From the ancient history of decorative stonework comes a very special artistic phenomenon, and this richly illustrated, large-format book tells its fascinating story. The phenomenon is pietre dure, or polychrome hardstone inlay, which resurfaced in Rome in the sixteenth century, within the context of the artistic flowering of the Italian Renaissance. Rome, where art took its inspiration from the cult of antiquity, fell in love with the evocative power of hardstones. Tabletops were covered in stones, inlaid into delicate floral panels or shining out, from ovals of opalescent alabaster.

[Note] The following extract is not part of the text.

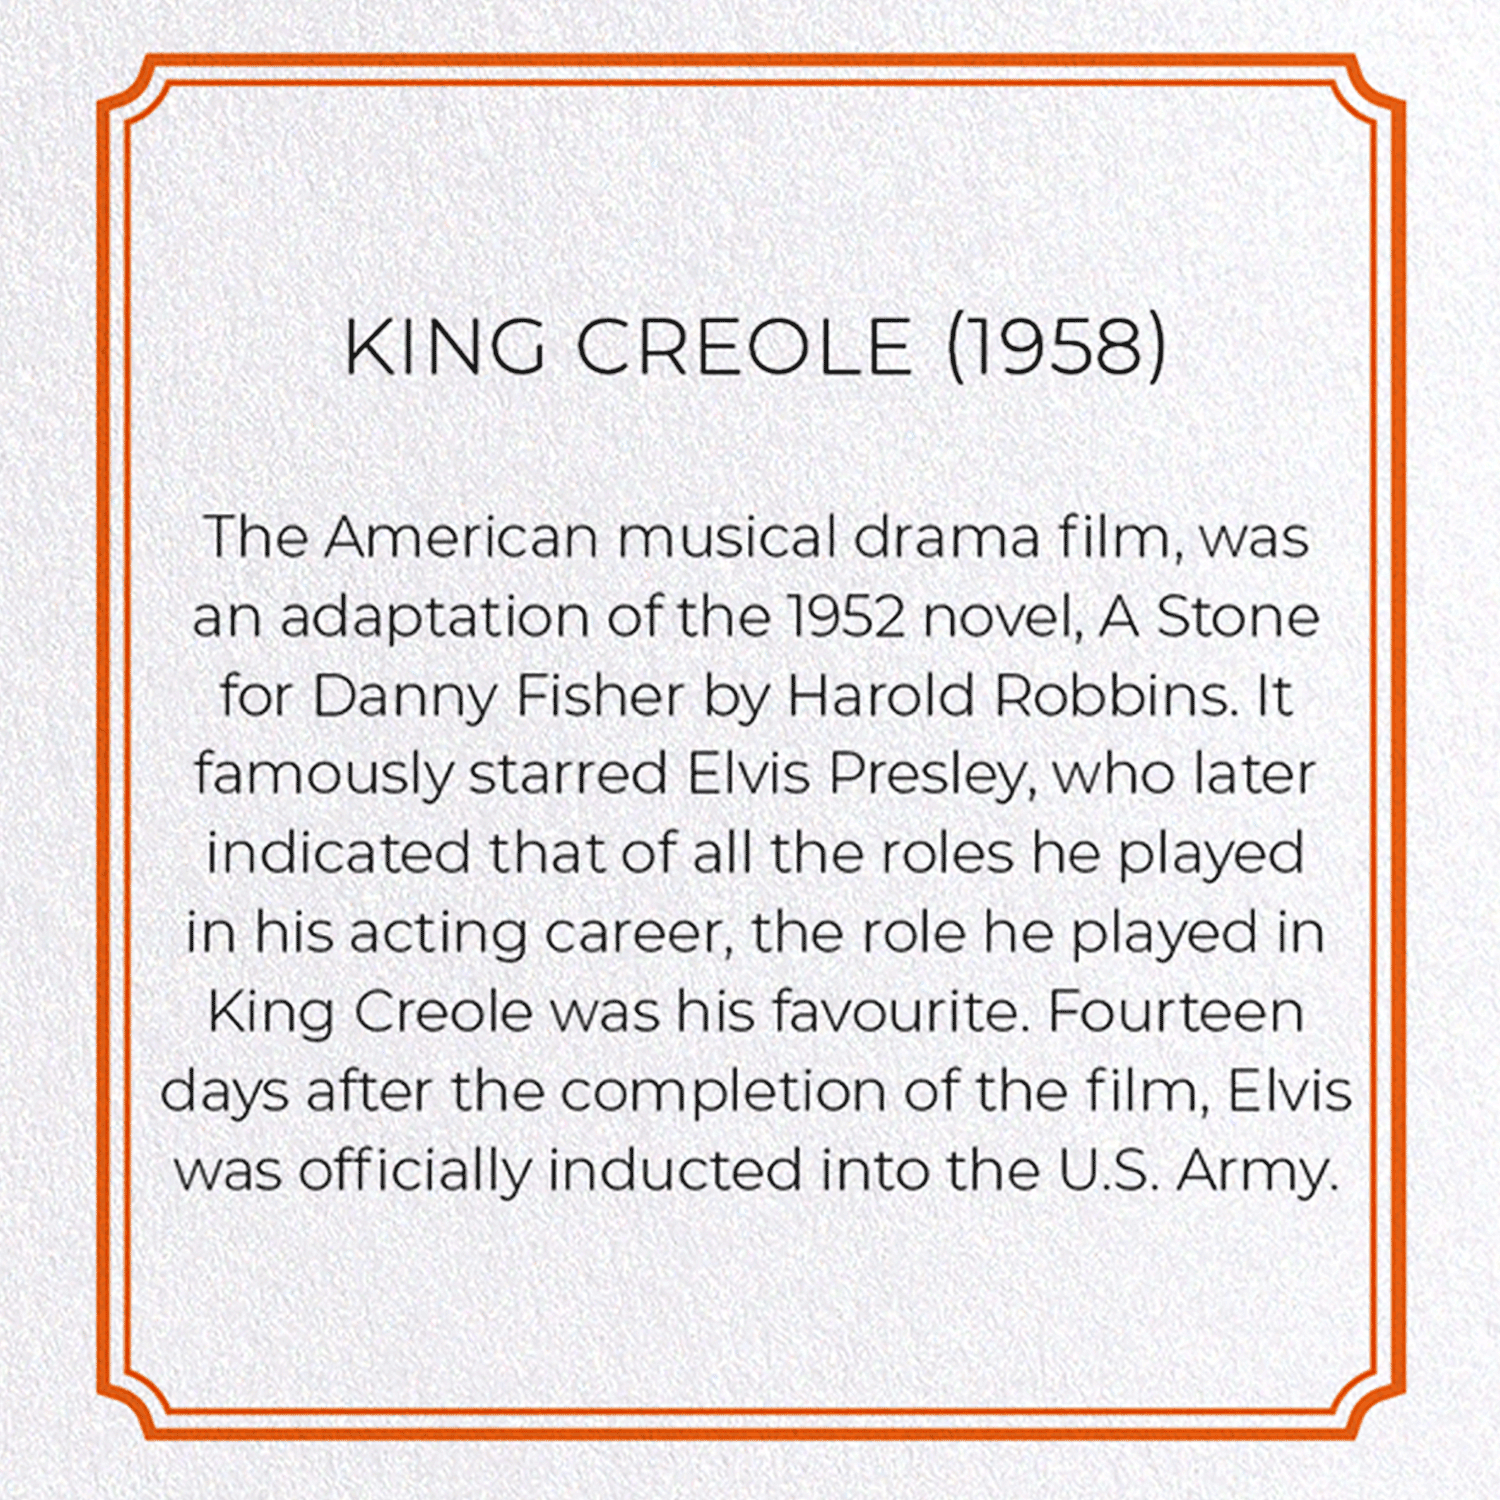 KING CREOLE (1958)

From Rome, pietre dure spread to Florence, where the Medici family founded a prestigious workshop in 1588, dedicated to the production of hardstone works using materials such as coral, garnet, jasper and lapis lazuli. The art flourished for three centuries, thanks to the virtuoso skills of the finest craftsmen. Other workshops were founded at the Court of Rudolf II in Prague, and of Louis XIV in France, before spreading to Naples and Madrid under the Bourbon dynasty.
In this way, Florentine inlay grew to become a tirelessly imaginative artistic language, capable of imbuing works of decorative art with the most astonishing beauty and creating masterpieces which still glow just as brightly today, long after the fall of their royal patrons.
This book brilliantly captures the beauty and craftsmanship of this ancient technique, illustrating in scores of dazzling photographs outstanding examples of pietre dure, including works designed for the Cappella dei Principi, Florence, and the Schloss Favorite, Rastatt.